São muitos os católicos que confundem a sua opinião política pessoal com a verdade moral e religiosa. Têm dificuldade em saber o que é opinião e, portanto, prudência na arte prática da ação política e social. Pensam que o cristianismo é conservador, ou que é progressista. Ao mesmo tempo, desconhecem muitas vezes a verdade ética, devido a uma grande ignorância religiosa e ao relativismo ambiental.
Francisco ensinou ao mundo que a Igreja não é de direita nem de esquerda, é simplesmente católica, o que significa universal. Cada católico pode escolher ser politicamente conservador ou progressista. E, portanto, um católico, um cristão, vota de acordo com a sua consciência, uma consciência bem formada, de acordo com o ensinamentos sociais da Igreja. Prudencialmente. Mas aqui está o cerne da questão: há tanta ignorância ética!
Por exemplo, no Canadá, um católico podia votar nos liberais de Mark Carney, que ganharam as eleições de 28 de abril, ou nos conservadores de Pierre Poilievre, que perderam as eleições. Ambos os partidos promoveram políticas problemáticas do ponto de vista da doutrina social da Igreja. Qual seria o mal menor?
A propósito das eleições americanas de novembro passado, Francisco disse numa conferência de imprensa no avião papal, a 14 de setembro de 2024: "É preciso escolher o menor de dois males. Aquela senhora (Kamala Harris) ou aquele cavalheiro (Donald Trump)? Não sei. Toda a gente com consciência tem de pensar nisto e escolher. Expulsar imigrantes, deixá-los onde quiser, abandoná-los... é uma coisa terrível de se fazer, há maldade nisso. Expulsar uma criança do ventre da mãe é um assassínio, porque há vida".
Poucos dias antes de o Senado argentino ter legalizado o aborto, a 30 de dezembro de 2020, Francisco tinha sublinhado, a propósito dessa lei: "O Filho de Deus nasceu descartado para nos dizer que cada pessoa descartada é um filho de Deus. Ele veio ao mundo como uma criança vem ao mundo, fraco e frágil, para que possamos acolher com ternura as nossas fragilidades".
A um deputado argentino que eu tinha escrito em novembro de 2020: "Sobre a questão do aborto, tenha em mente que não é principalmente uma questão religiosa, mas uma questão de ética humana, antes de qualquer confissão religiosa.
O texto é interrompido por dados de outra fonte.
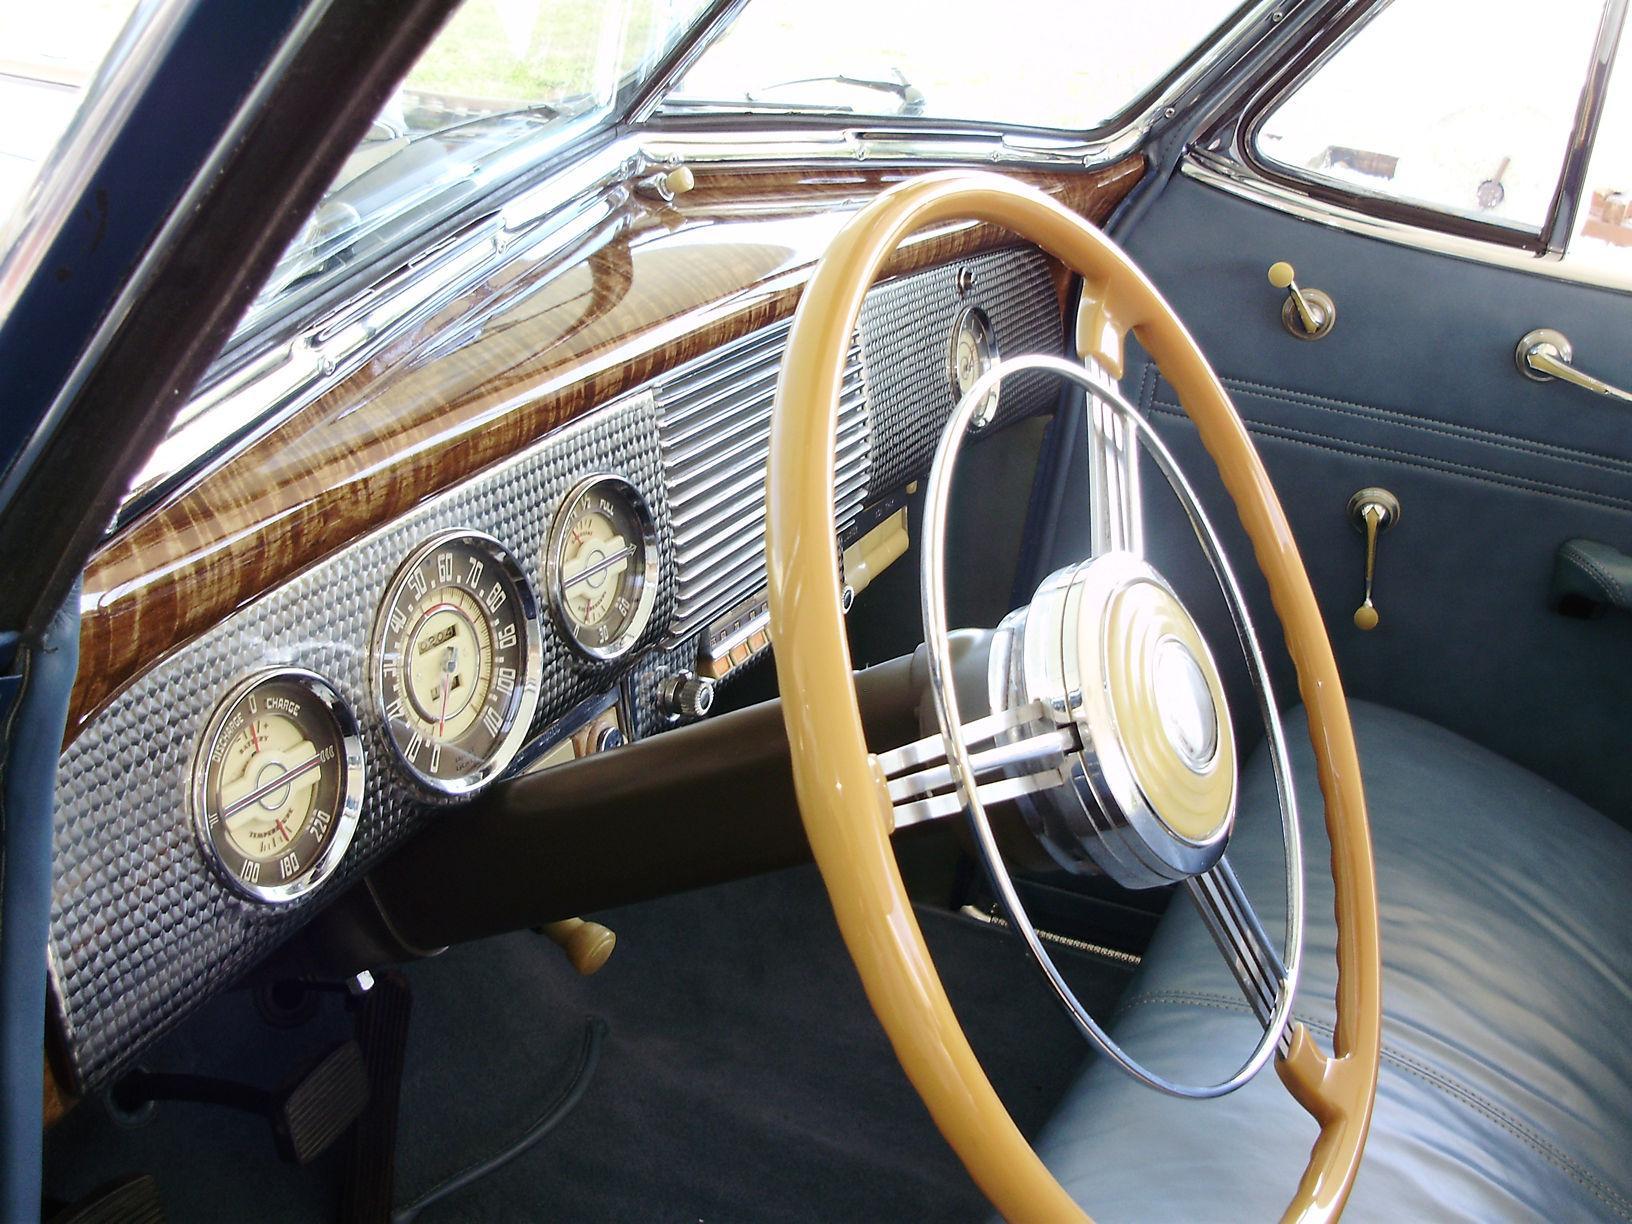 1940 BUICK CENTURY CONVERTIBLE SEDAN - Vintage Motors of Sarasota Inc. #27

É justo eliminar uma vida humana para resolver um problema? É justo contratar um assassino para resolver um problema?"
Há dez anos, na sua famosa encíclica Laudato si‘ (nn. 60-61) Francisco afirmou: "Desenvolveram-se várias visões... e possíveis soluções. Num extremo, há quem se agarre ao mito do progresso a todo o custo e afirme que os problemas ecológicos serão resolvidos simplesmente com novas aplicações técnicas, sem considerações éticas ou mudanças substantivas. No outro extremo, outros entendem que o ser humano, com qualquer das suas intervenções, só pode ser uma ameaça e prejudicar o ecossistema global e que, por isso, é desejável reduzir a sua presença no planeta e impedir que intervenha de qualquer forma".
"Entre estes extremos, a reflexão deve identificar possíveis cenários futuros, porque não existe um caminho único para uma solução. Isto daria origem a vários contributos que poderiam entrar em diálogo para obter respostas globais. Em muitas questões concretas, a Igreja não tem motivos para propor uma palavra definitiva e entende que deve escutar e promover o debate honesto entre os cientistas, respeitando a diversidade de opiniões. Mas basta olhar com honestidade para ver que há uma grande deterioração da nossa casa comum. A esperança convida-nos a reconhecer que há sempre uma saída". O que ele escreve sobre a nossa casa comum, o planeta Terra, poderia ser aplicado a muitas outras questões candentes.
Com o seu magistério, Francisco quis responsabilizar os governantes, os dirigentes, os intelectuais e cada cristão, cada cidadão comum: sensibilizá-los para promoverem soluções moralmente boas. Sobre o matrimónio e a família, sobre a vida desde a conceção até à morte natural, sobre Gaza e o Congo e outras guerras, sobre a imigração, a economia, a saúde... Não esqueçamos, para terminar com um exemplo dilacerante, que quase 800 milhões de pessoas (ou seja, 10 % da humanidade) têm dificuldade em ter acesso a uma alimentação adequada: para elas, todos os dias são dias de jejum. Existe uma "policrise", devida, entre outros factores, às alterações climáticas e aos conflitos, que está a inverter os progressos na luta contra a fome (ver o relatório de duas ONG europeias. Índice Global da Fome 2023).